Gary Lucas 'Fleischerei – Music from Max Fleischer Cartoons' feat. Tini Kainrath (USA/A)
Gary Lucas: guitar
Tini Kainrath: vocals
The hip kids knew what to look for in those Saturday morning cartoons. It was the early Warner Brothers' animations and the black-and-white Popeye and Betty Boop cartoons. Insider jokes, stabs at the government and popular figures, and sexual innuendo were commonplace, even if we didn't quite get the meanings. Each were politically incorrect, before there was such a thing as political correctness. You knew you were onto something, and in retrospect the music was the key that unlocked that door.

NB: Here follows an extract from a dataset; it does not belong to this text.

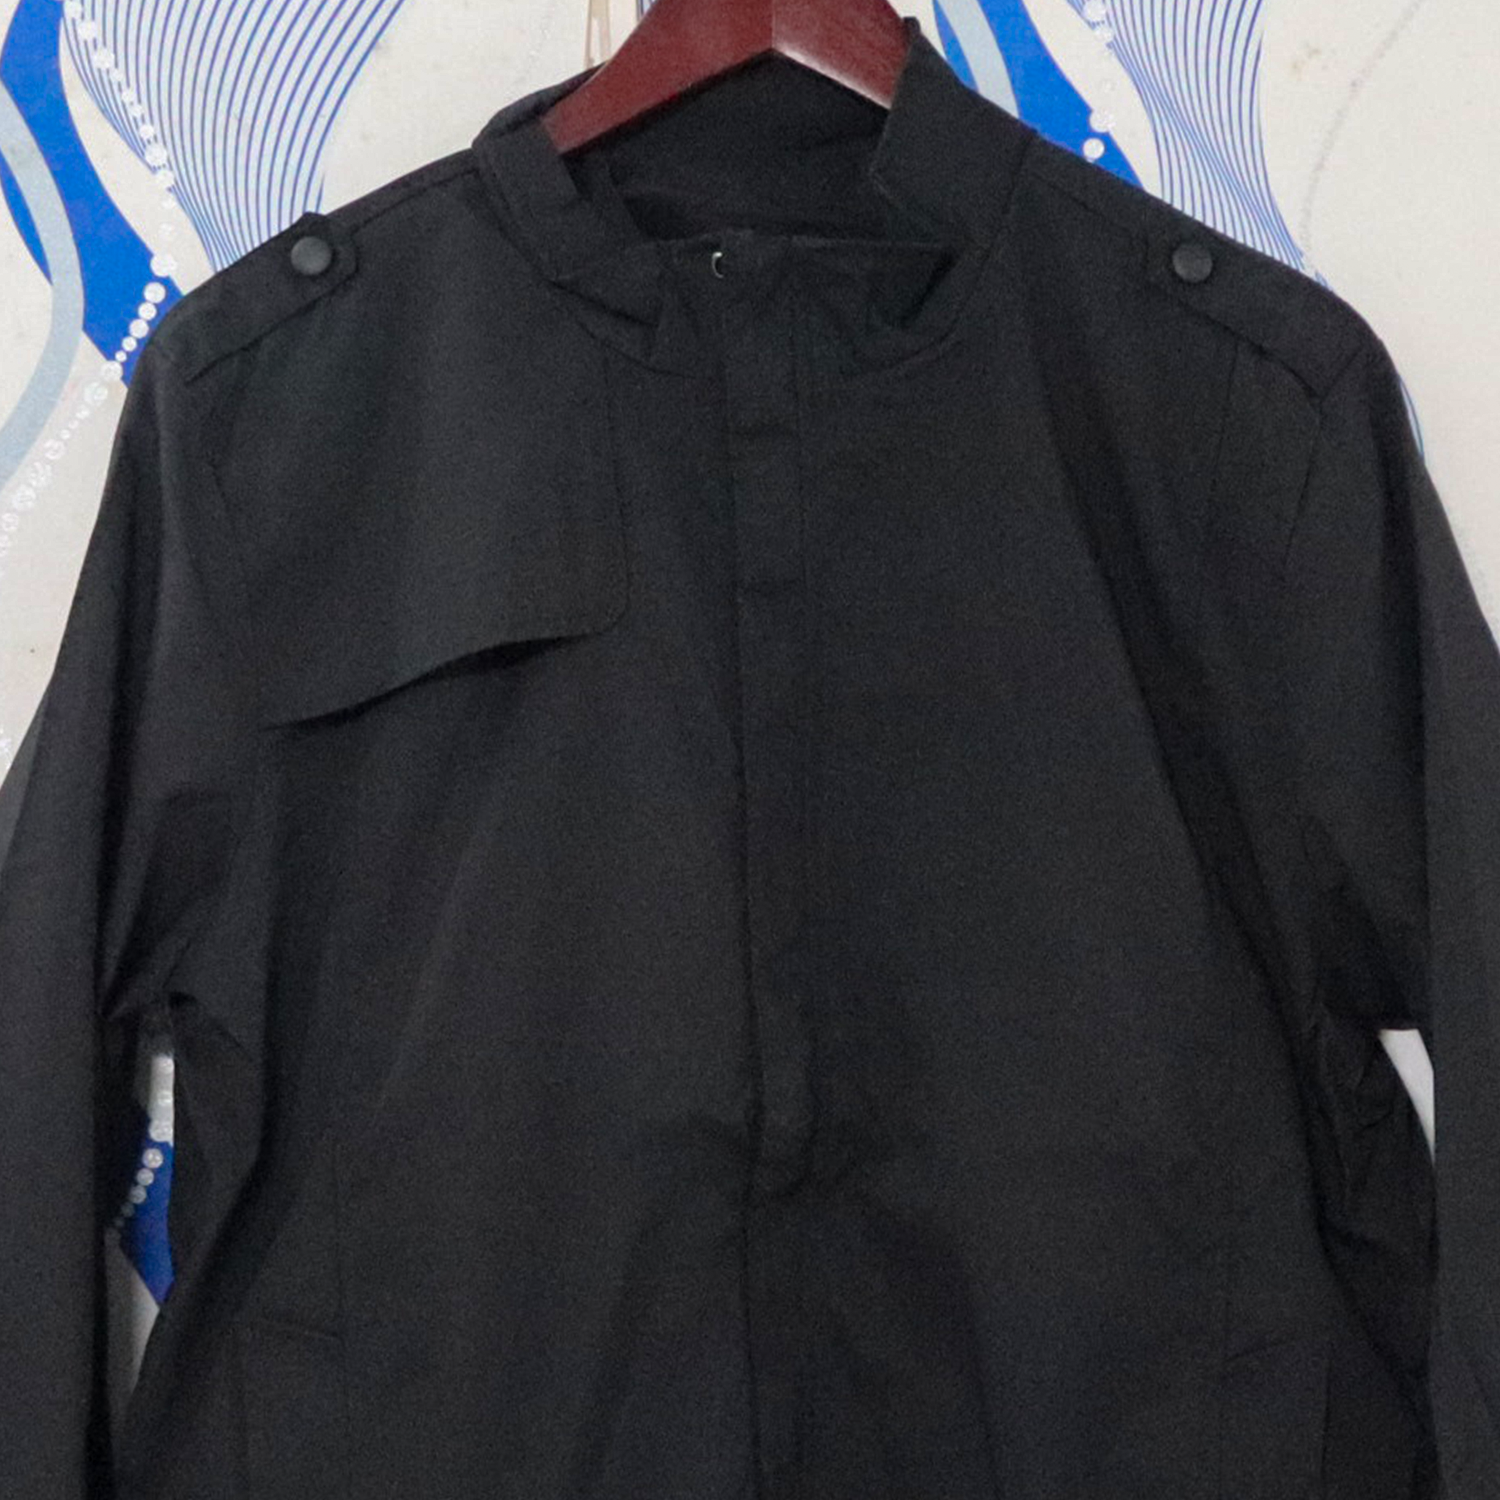 URSPORTTECH Men's Slim Fit Solid Color Bomber Jacket

Enter guitarist Gary Lucas, founder of Gods And Monsters, former member of Captain Beefheart and collaborator with Jeff Buckley. His eternally hip ear has alway been attuned to the subversive lure of soundtracks, releasing Cinefantastique (Northern Spy, 2013) that included covers of Fellini, Hitchcock, and his own soundtrack work for film and television. He assembled his Fleischerei, german for "butcher shop," to present the music of Max Fleischer cartoons. Brooklyn-based Fleischer studios, like West Coast's Warner Brothers was the antithesis to the lily-white productions of Walt Disney. They were The Rolling Stones to Disney's Beatles. Fleischer's music drew from Jewish klezmer, Harlem's Cotton Club and Tim Pan Alley's show tunes, employing artists such as Louis Armstrong, Don Redman, and Cab Calloway.

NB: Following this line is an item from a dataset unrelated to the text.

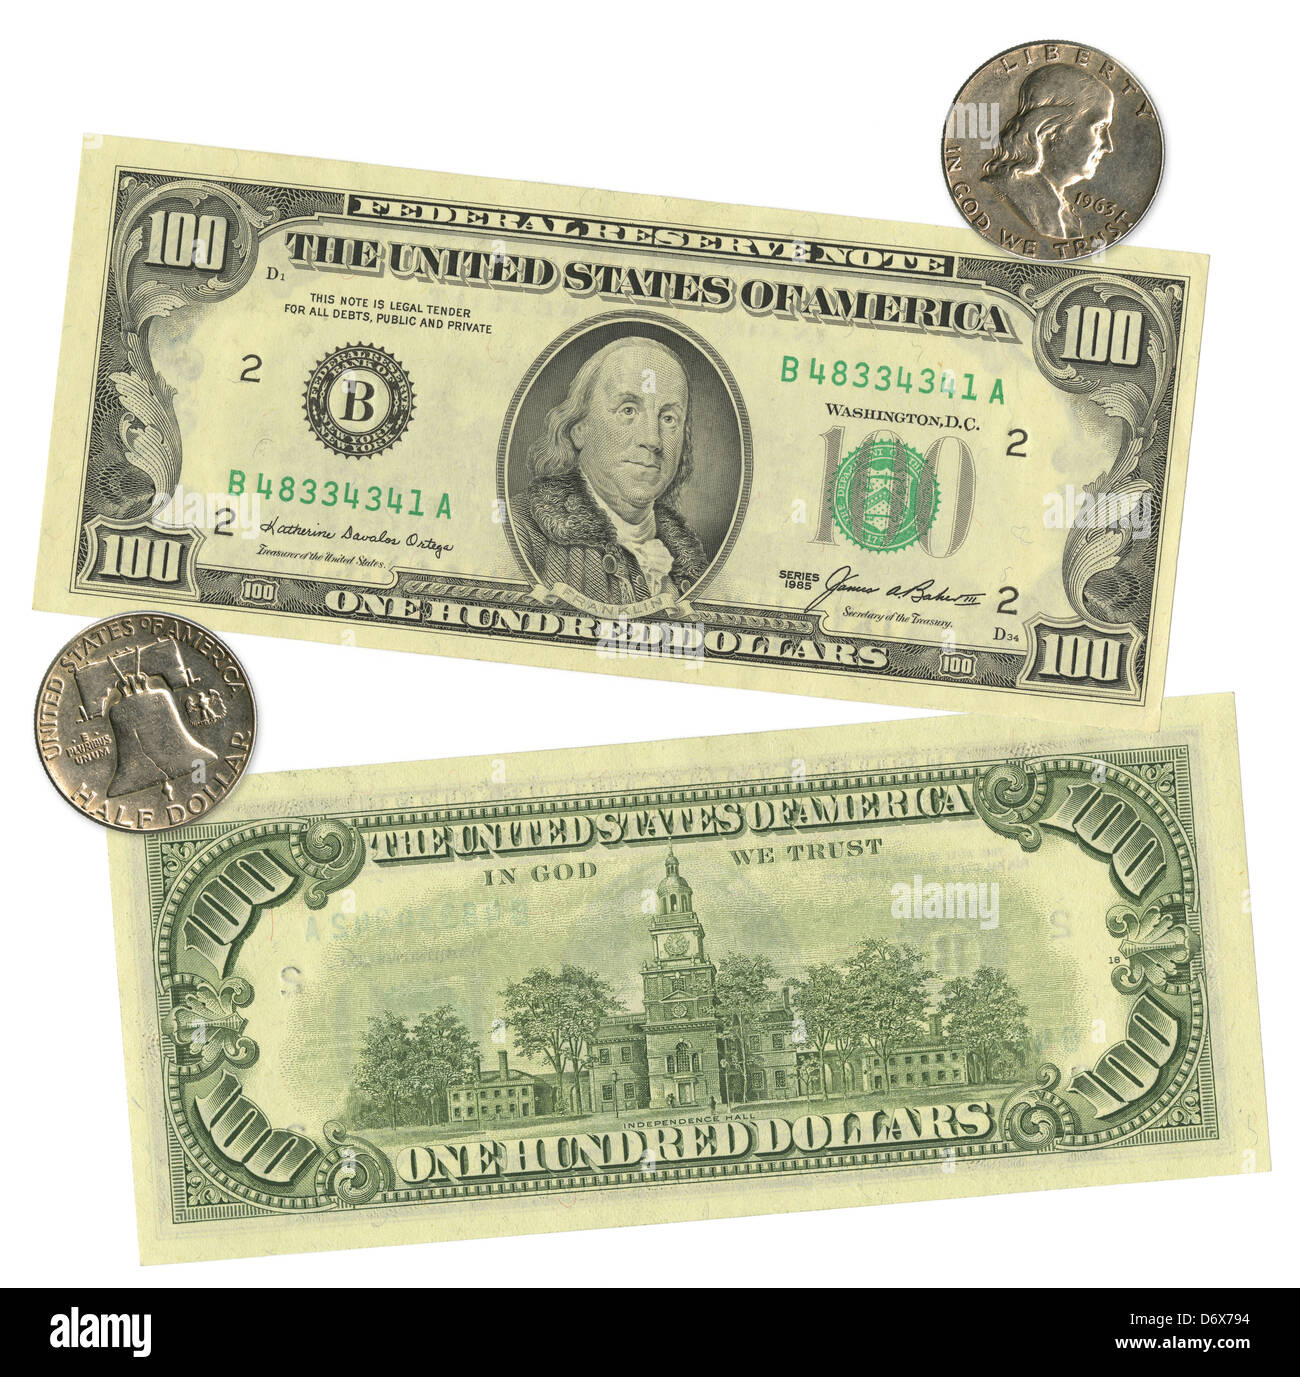 Benjamin Franklin in den USA 1985 $100 Bill und einen halben Dollar 1963 Silber. Stockfoto

Lucas' recreations draw together a cast of top notch performers including trombonist and arranger Joe Fielder from Lucas' Beefheat tribute band Fast 'N' Bulbous, saxophonist Jeff Lederer, Matt Wilson's alter ego and founder of the Albert Ayler-meets-sea shanty band Brooklyn Blowhards, bassist Michael Bates, whose album Northern Spy (Stereoscopic, 2015) made multiple 'best of' lists, and in demand Brooklyn drummer Rob Garcia. The lynchpin here though is vocalist Sarah Stiles, who reprises the role of Mae Questal, the voice of Betty Boop and Olive Oyl.
Stiles' little girl voice disguises the thinly (and sometimes not-so-thin) veiled sexuality of the music. From "Don't Take My Boop-Oop-A-Doop Away" to "Do Something" she resurrects the bawdiness of Vaudeville and Broadway revues. The music of the 1930s permeates here. Popeye's theme opens the ribald "I Want A Clean Shaven Man" as flapper music swings around Lucas' acoustic guitar. The irony of "Penthouse Serenade (When We're Alone)" a song made famous by Nat "King" Cole, served the depression era spirit. Stiles stretches between the pixie-like Boop to the fickle Olive Oyl. "Beware Of Barnacle Bill" recreates the entire cartoon short as she tries to choose between Popeye and Barnacle Bill. The highlight here is the ear-worm that is "The Broken Record" a recreation of a skipping vinyl piece and a hit song in 1935. Lucas performs it at breakneck speed, Stiles voice cutting and looping dizzily in real time. You may never see cartoons in the same light. (www.allaboutjazz.com)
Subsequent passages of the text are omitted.